• Directions for this task
Would you transcribe the whole listing exactly and drop its images?

• Data segment
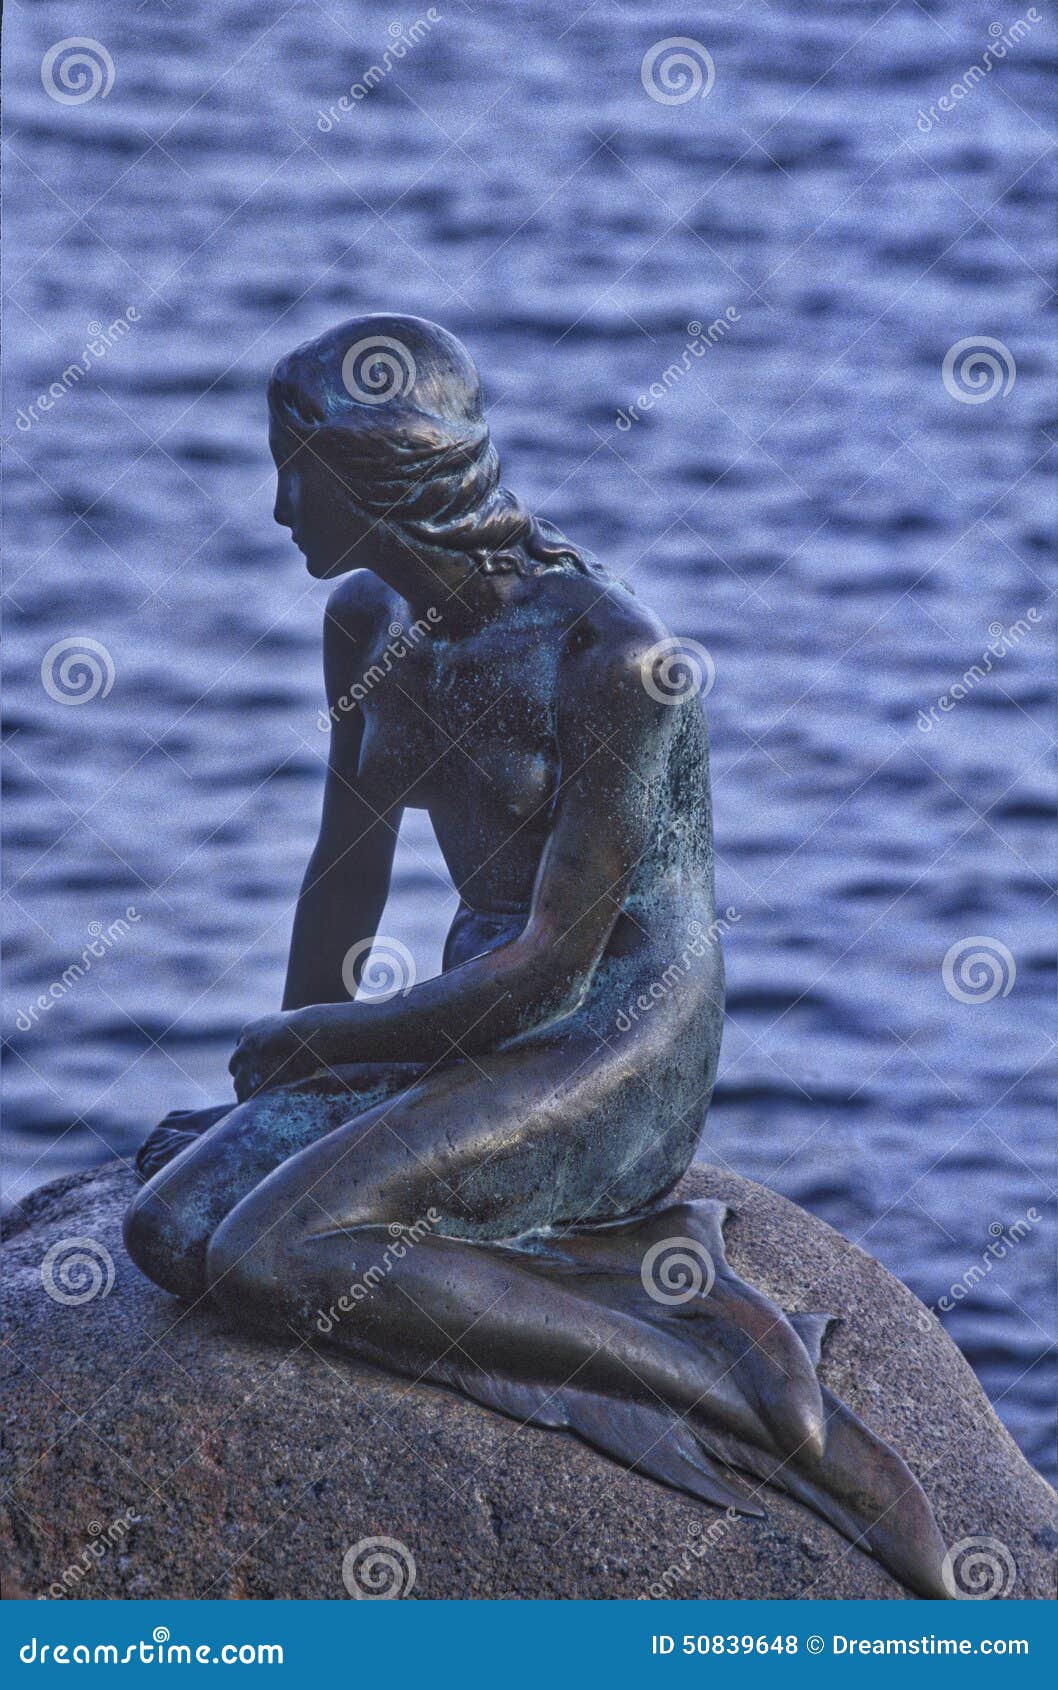 Little Mermaid (La Sirenetta) Editorial Stock Photo - Image of ...
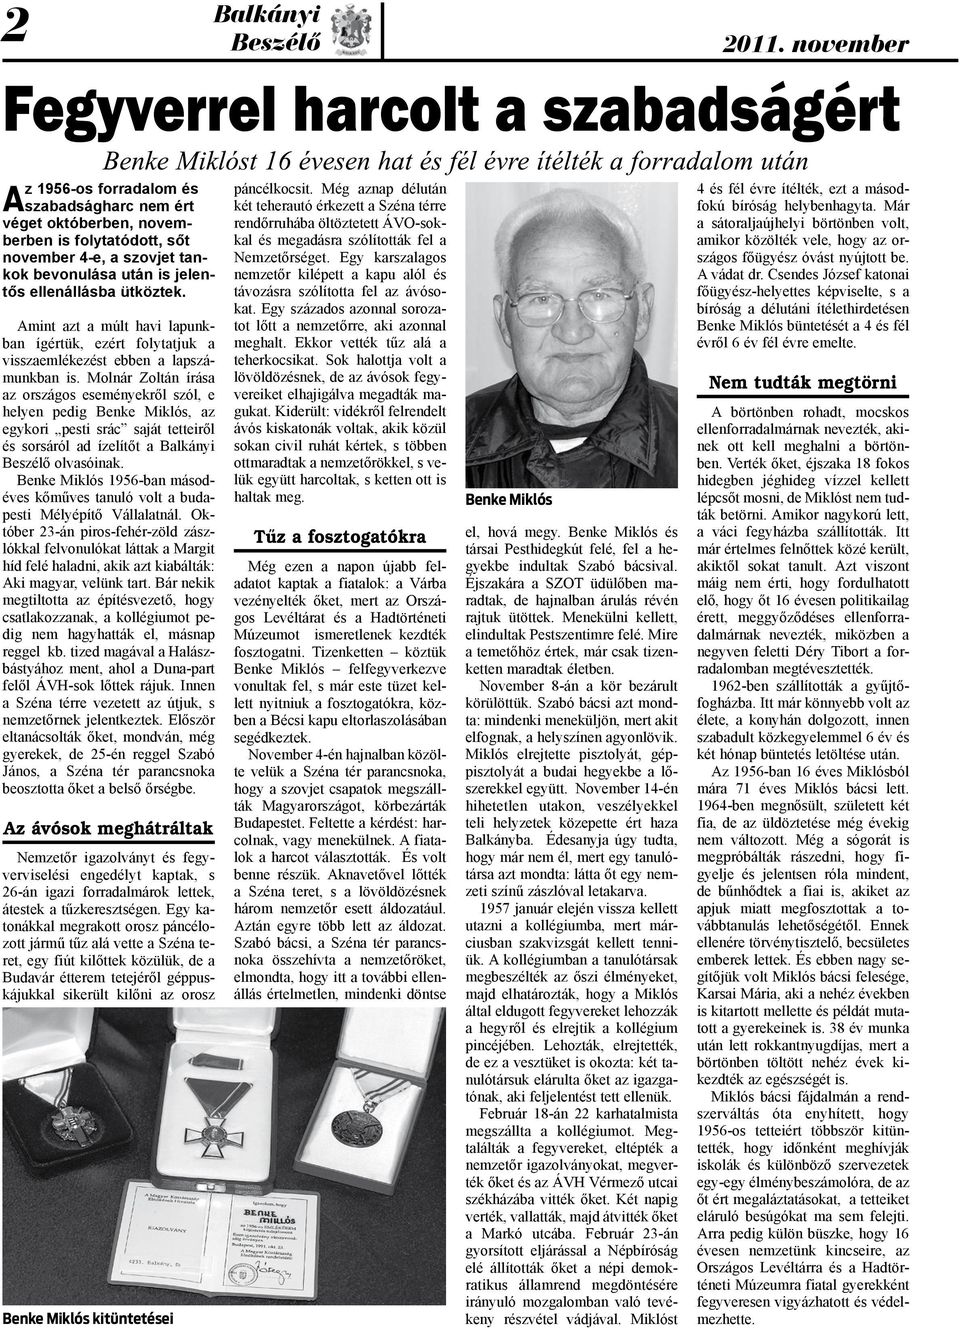 Molnár Zoltán írása az országos eseményekről szól, e helyen pedig Benke Miklós, az egykori pesti srác saját tetteiről és sorsáról ad ízelítőt a olvasóinak.
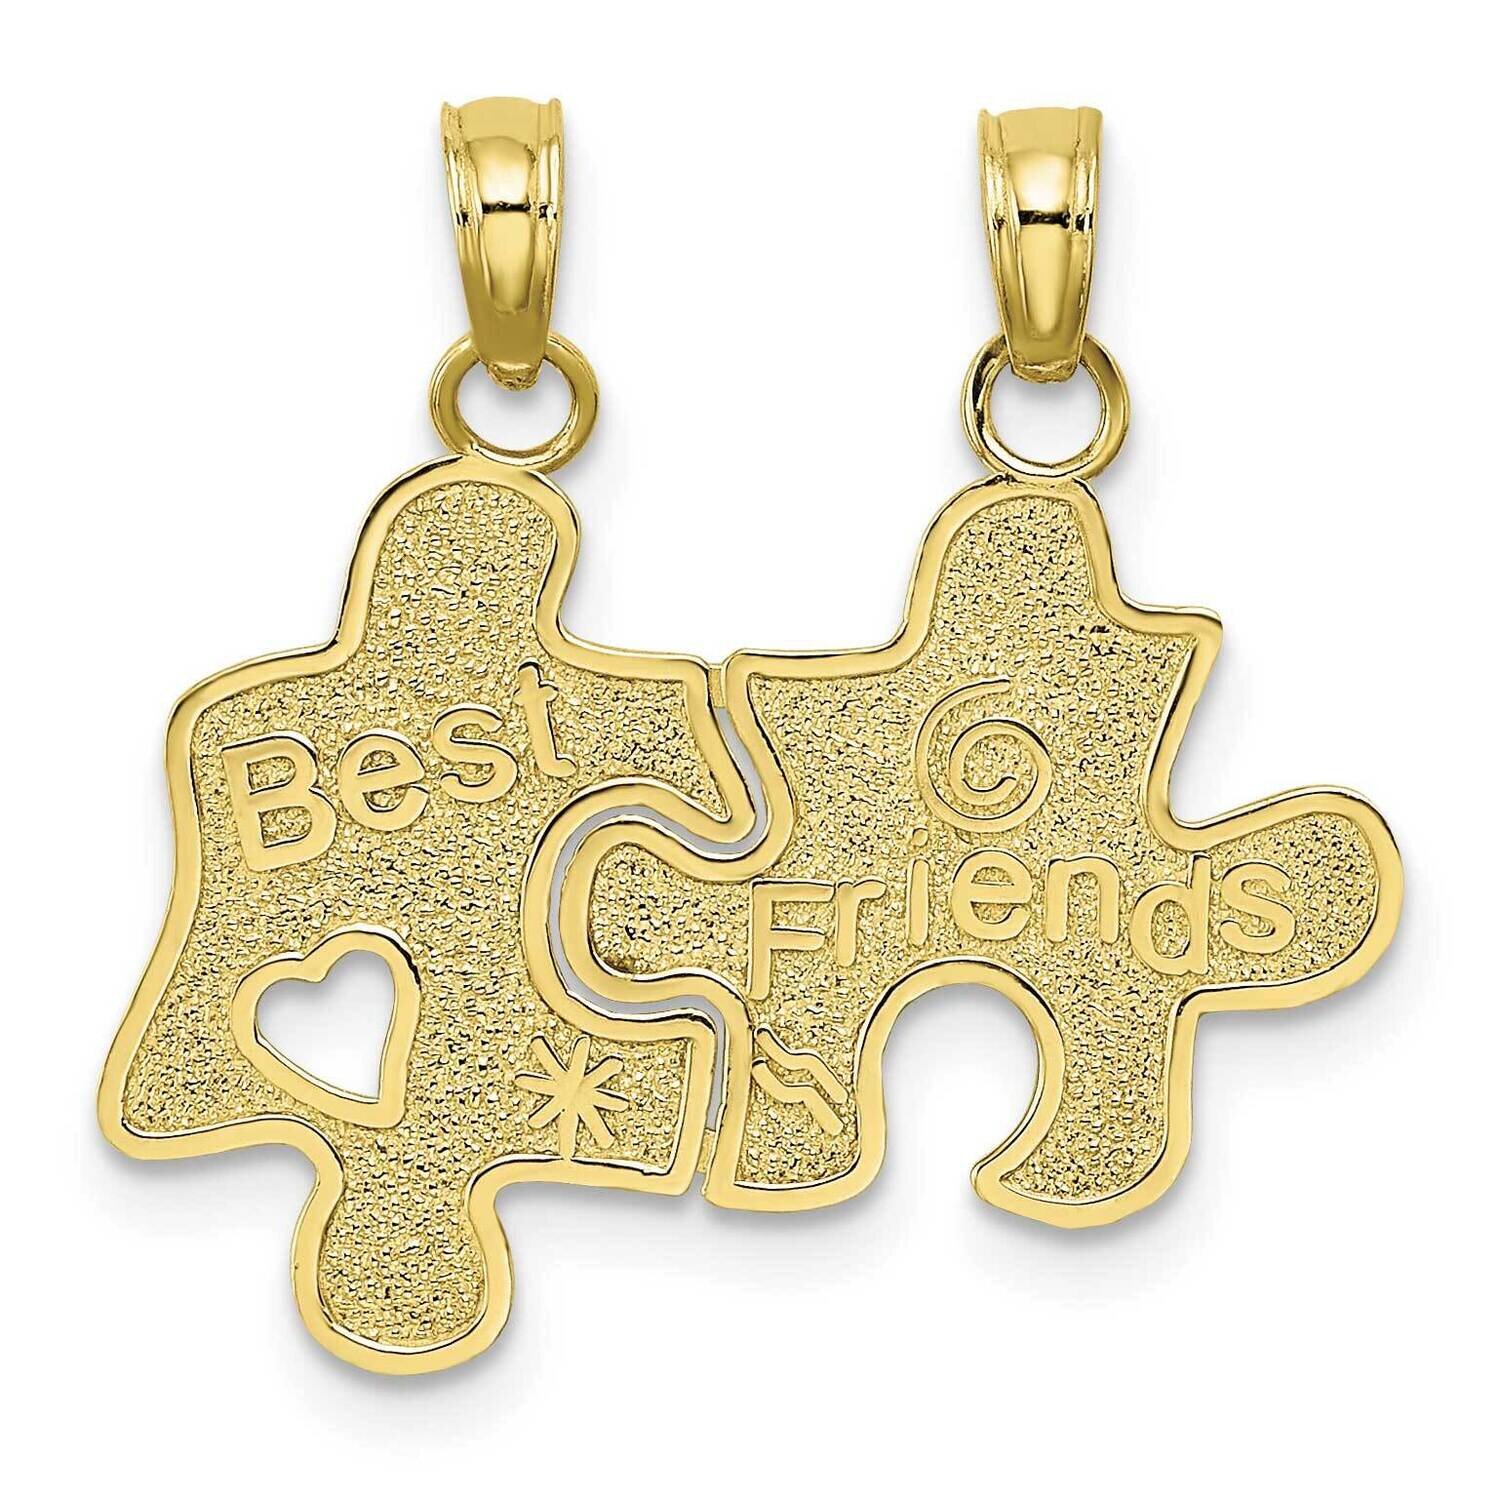 Best Friends Break-A-Part Puzzle Pieces Charm 10k Gold 10K8810
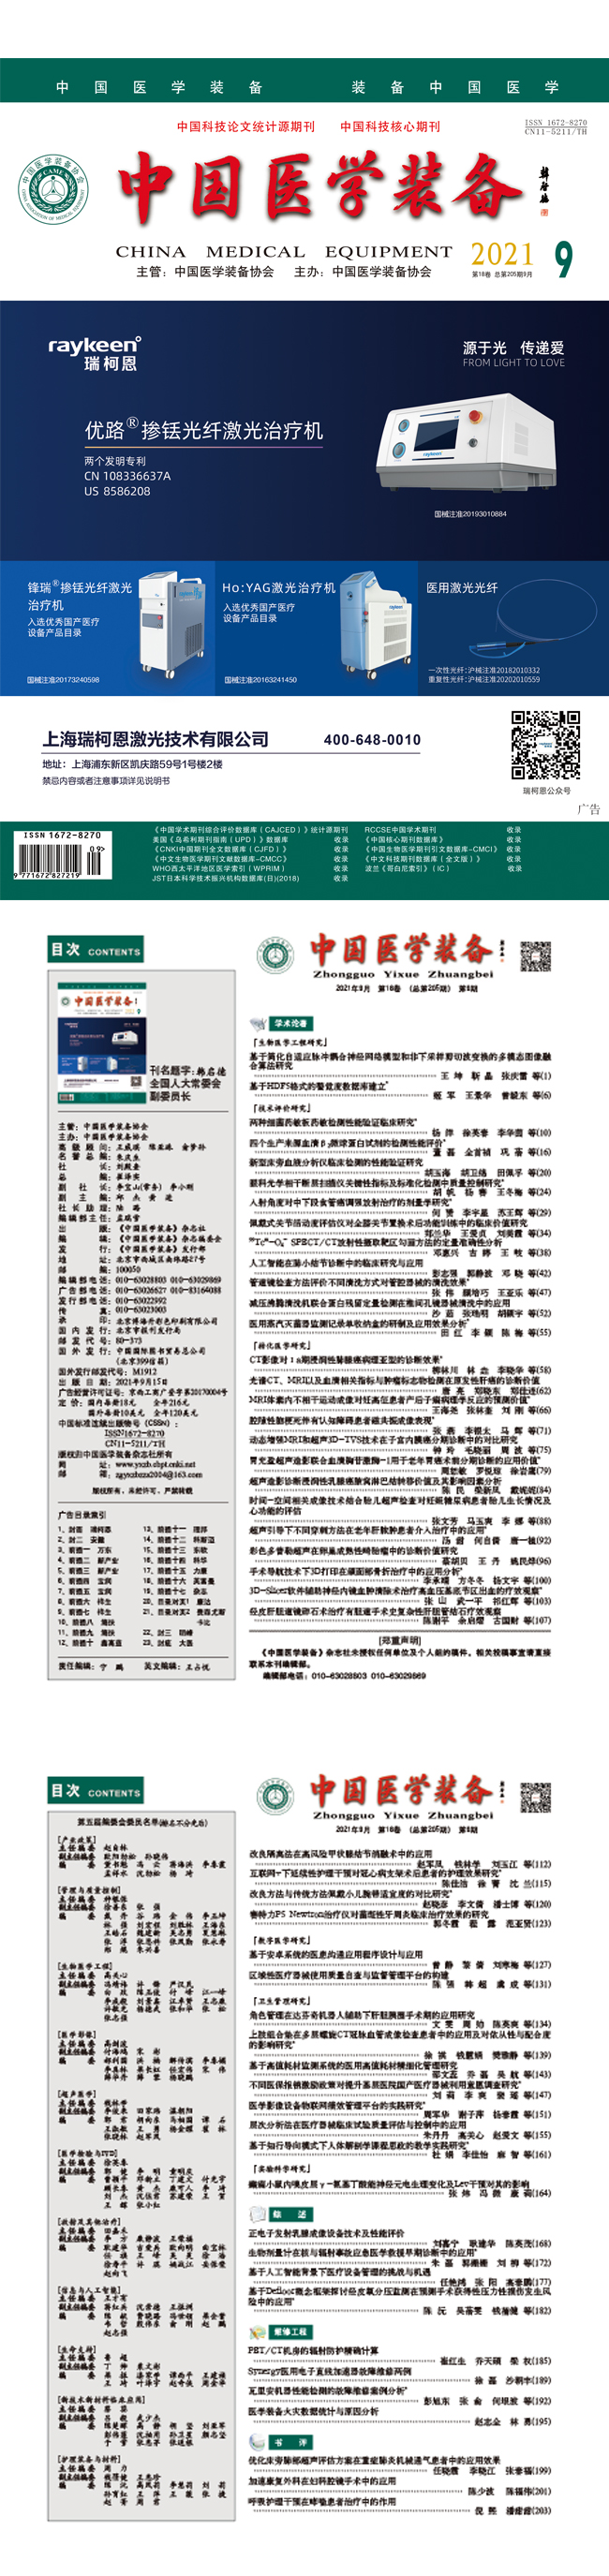 《中国医学装备》2021年9期出版(图1)

• Exercise response
 Little Mermaid (La Sirenetta) Editorial Stock Photo - Image of ...
 Molnár Zoltán írása az országos eseményekről szól, e helyen pedig Benke Miklós, az egykori pesti srác saját tetteiről és sorsáról ad ízelítőt a olvasóinak.
 Best Friends Break-A-Part Puzzle Pieces Charm 10k Gold 10K8810
 《中国医学装备》2021年9期出版(图1)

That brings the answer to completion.